• Exercise instructions
An exact repetition of the data is required; no picture should appear in it.

• Provided data
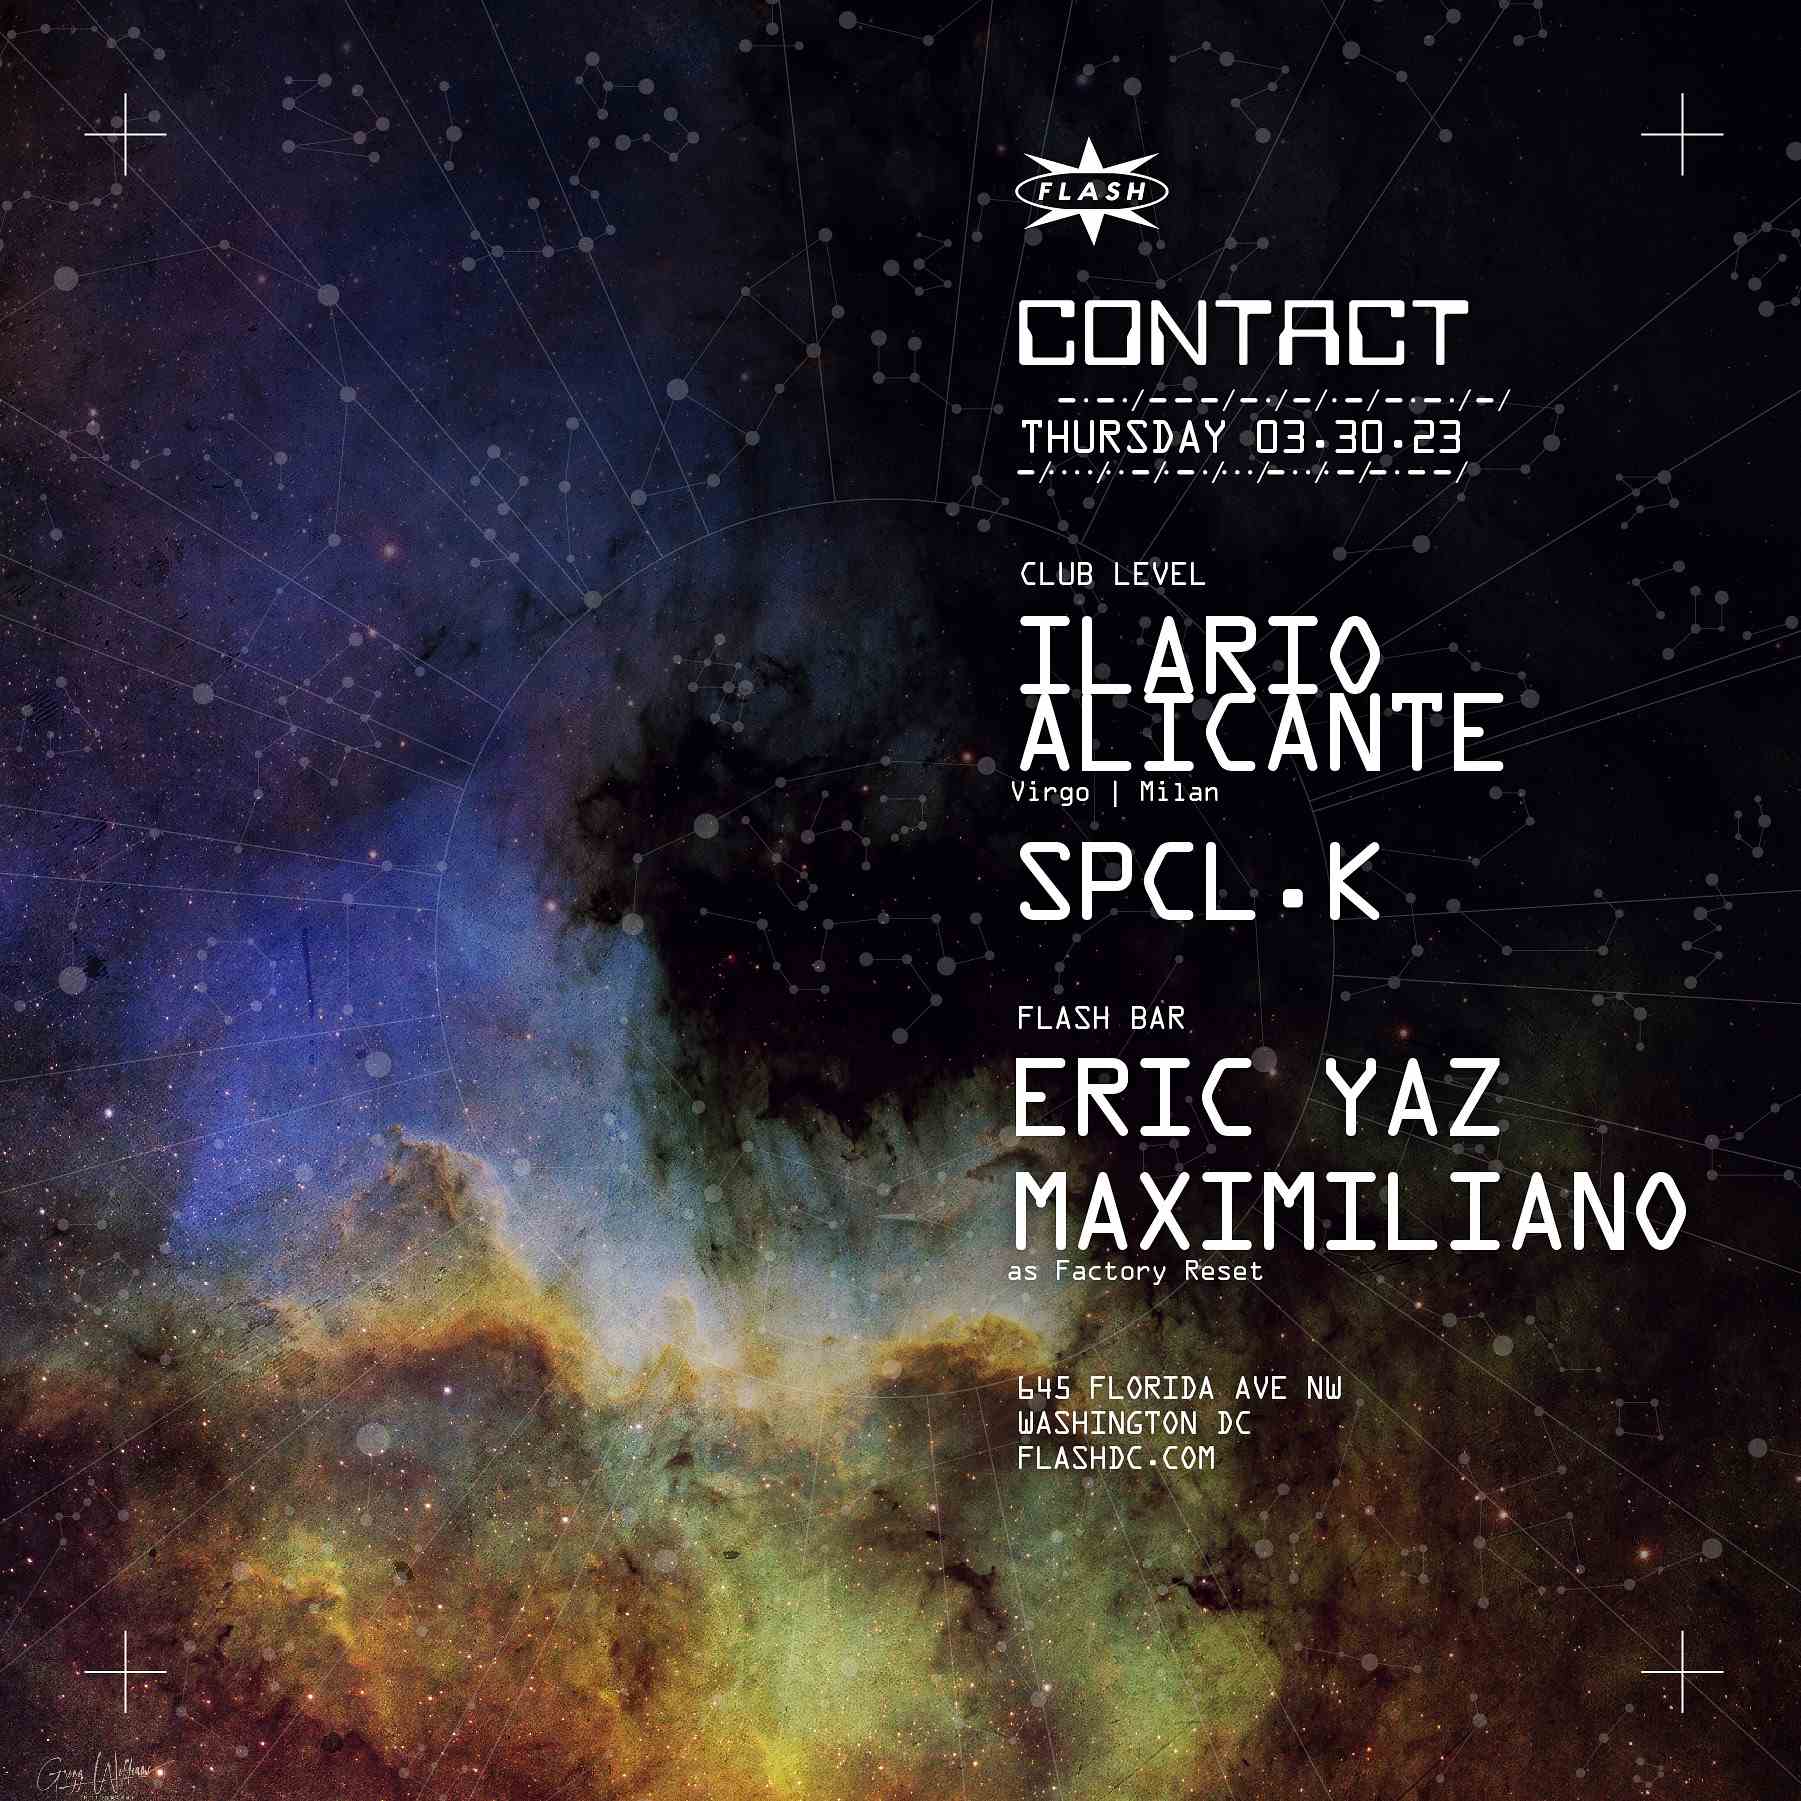 Event image for CONTACT: Ilario Alicante
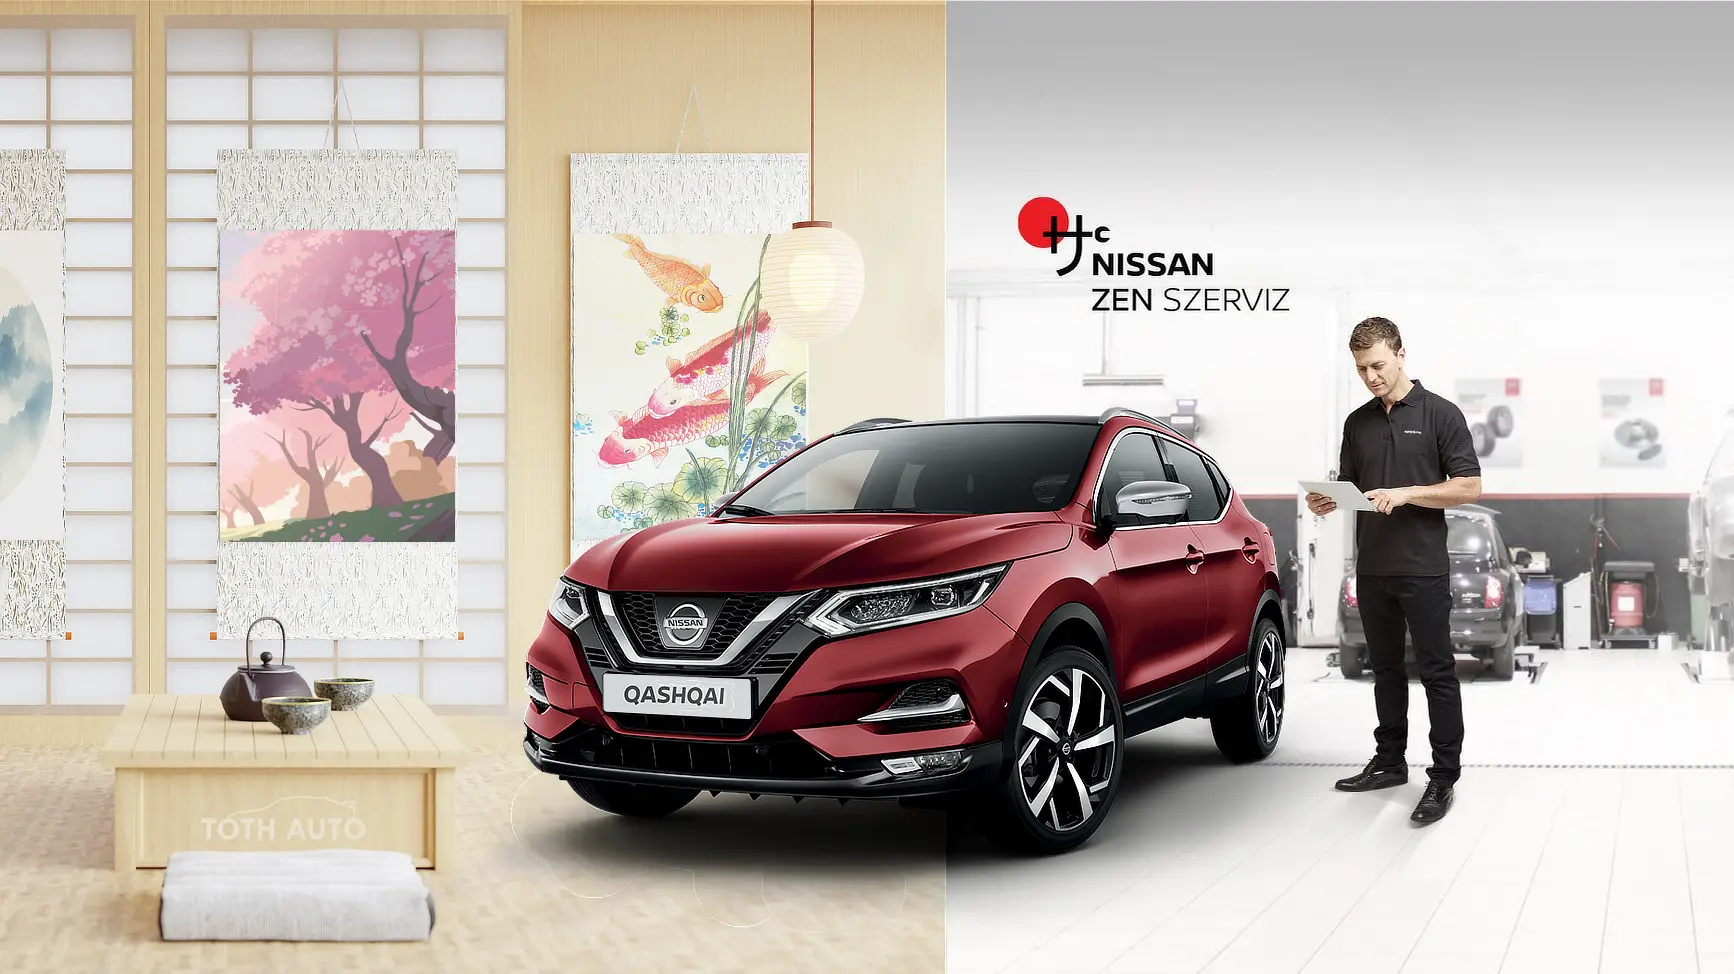 Nissan Zen szerviz
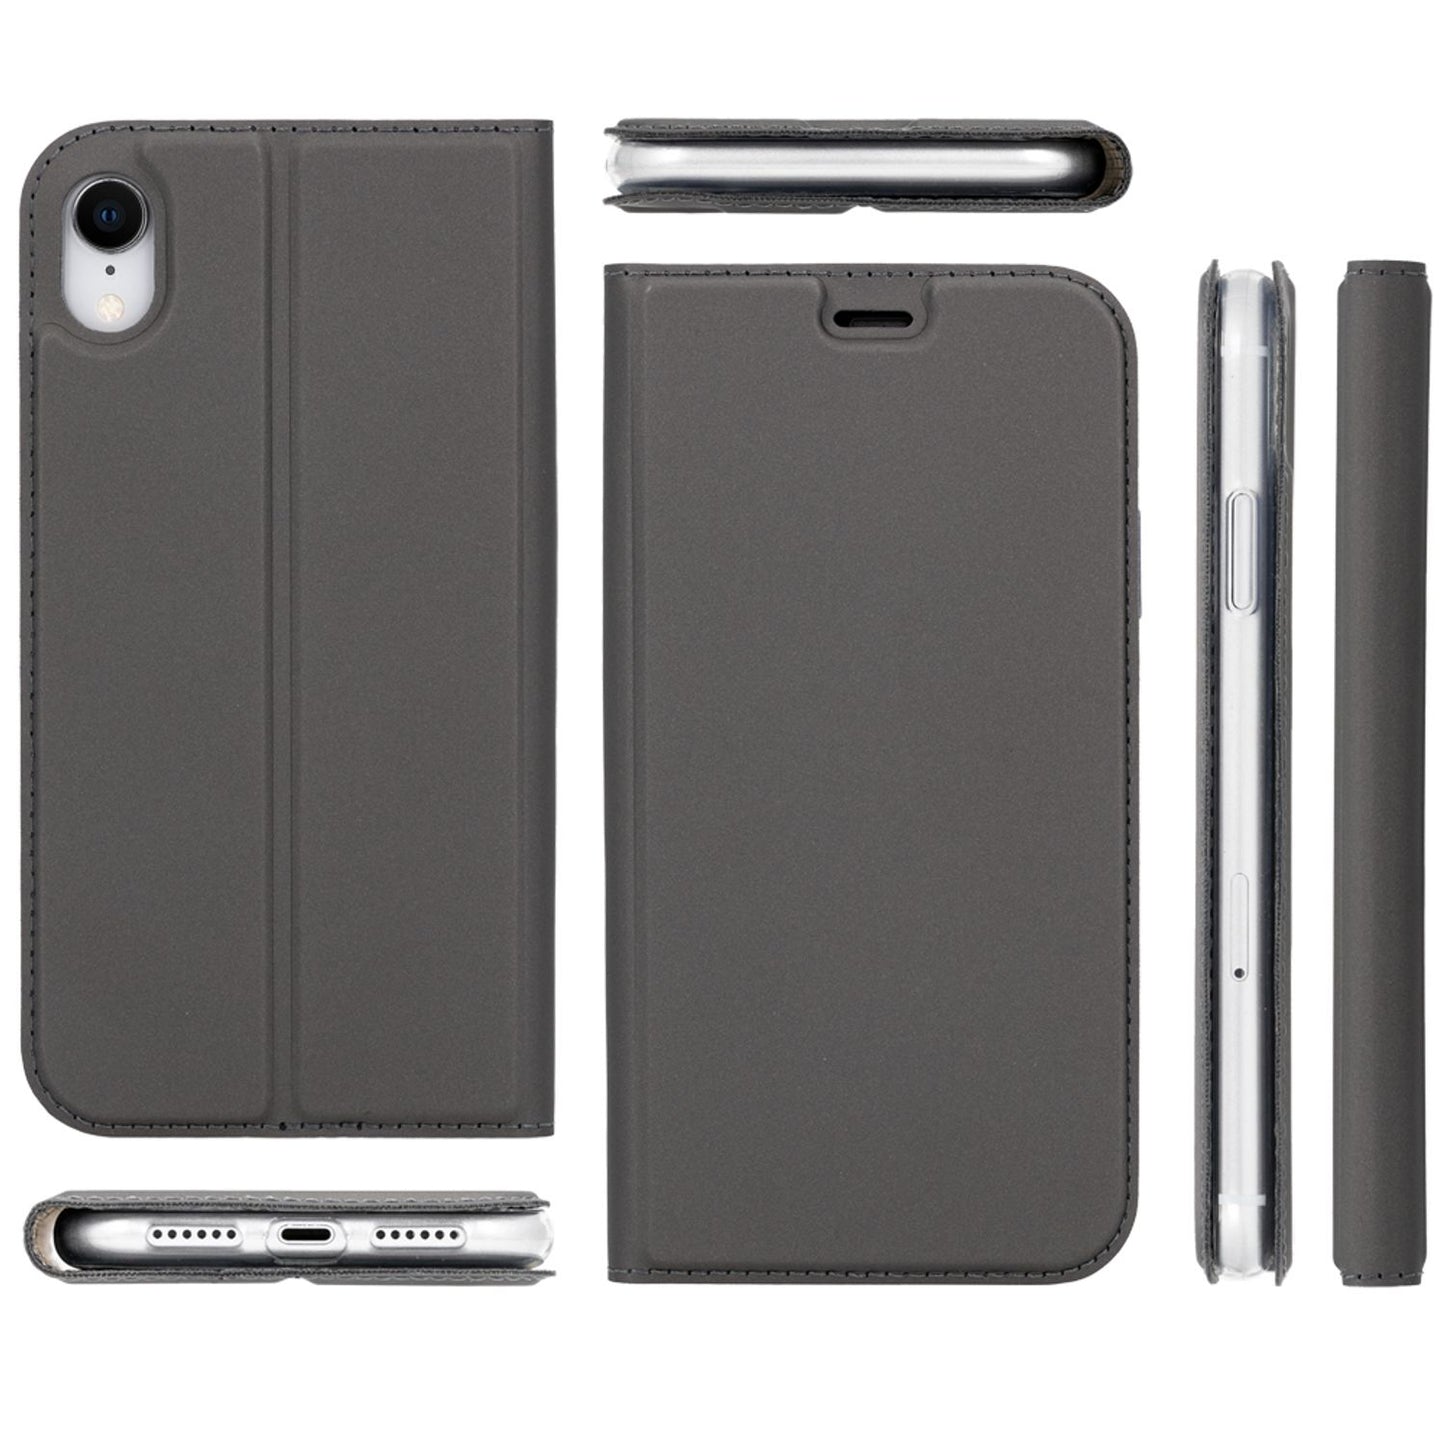 NALIA Flip Case für iPhone XR, Slim Schutz Cover Handy Hülle Tasche Bumper Etui
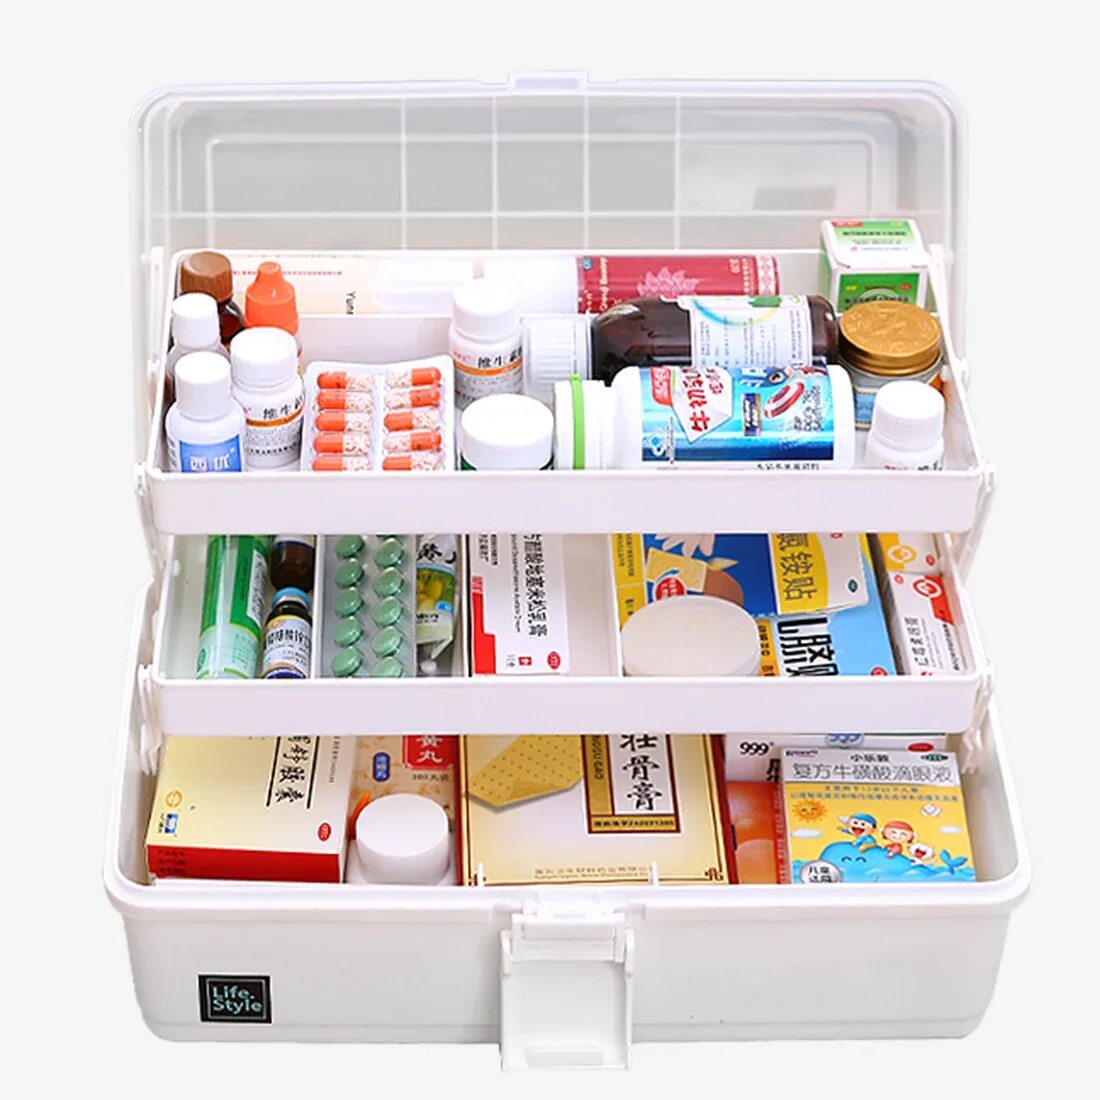 Организация хранения аптечных товаров. Ящик для медикаментов с675а. Аптечный ящик для медикаментов аш- т- 1330. Органайзер для лекарств HIPSTEEN. Ящик для медикаментов (аптечка) "Массимо".

• Reply to the task
 Event image for CONTACT: Ilario Alicante
 Nissan Zen szerviz
 NALIA Flip Case für iPhone XR, Slim Schutz Cover Handy Hülle Tasche Bumper Etui
 Организация хранения аптечных товаров. Ящик для медикаментов с675а. Аптечный ящик для медикаментов аш- т- 1330. Органайзер для лекарств HIPSTEEN. Ящик для медикаментов (аптечка) "Массимо".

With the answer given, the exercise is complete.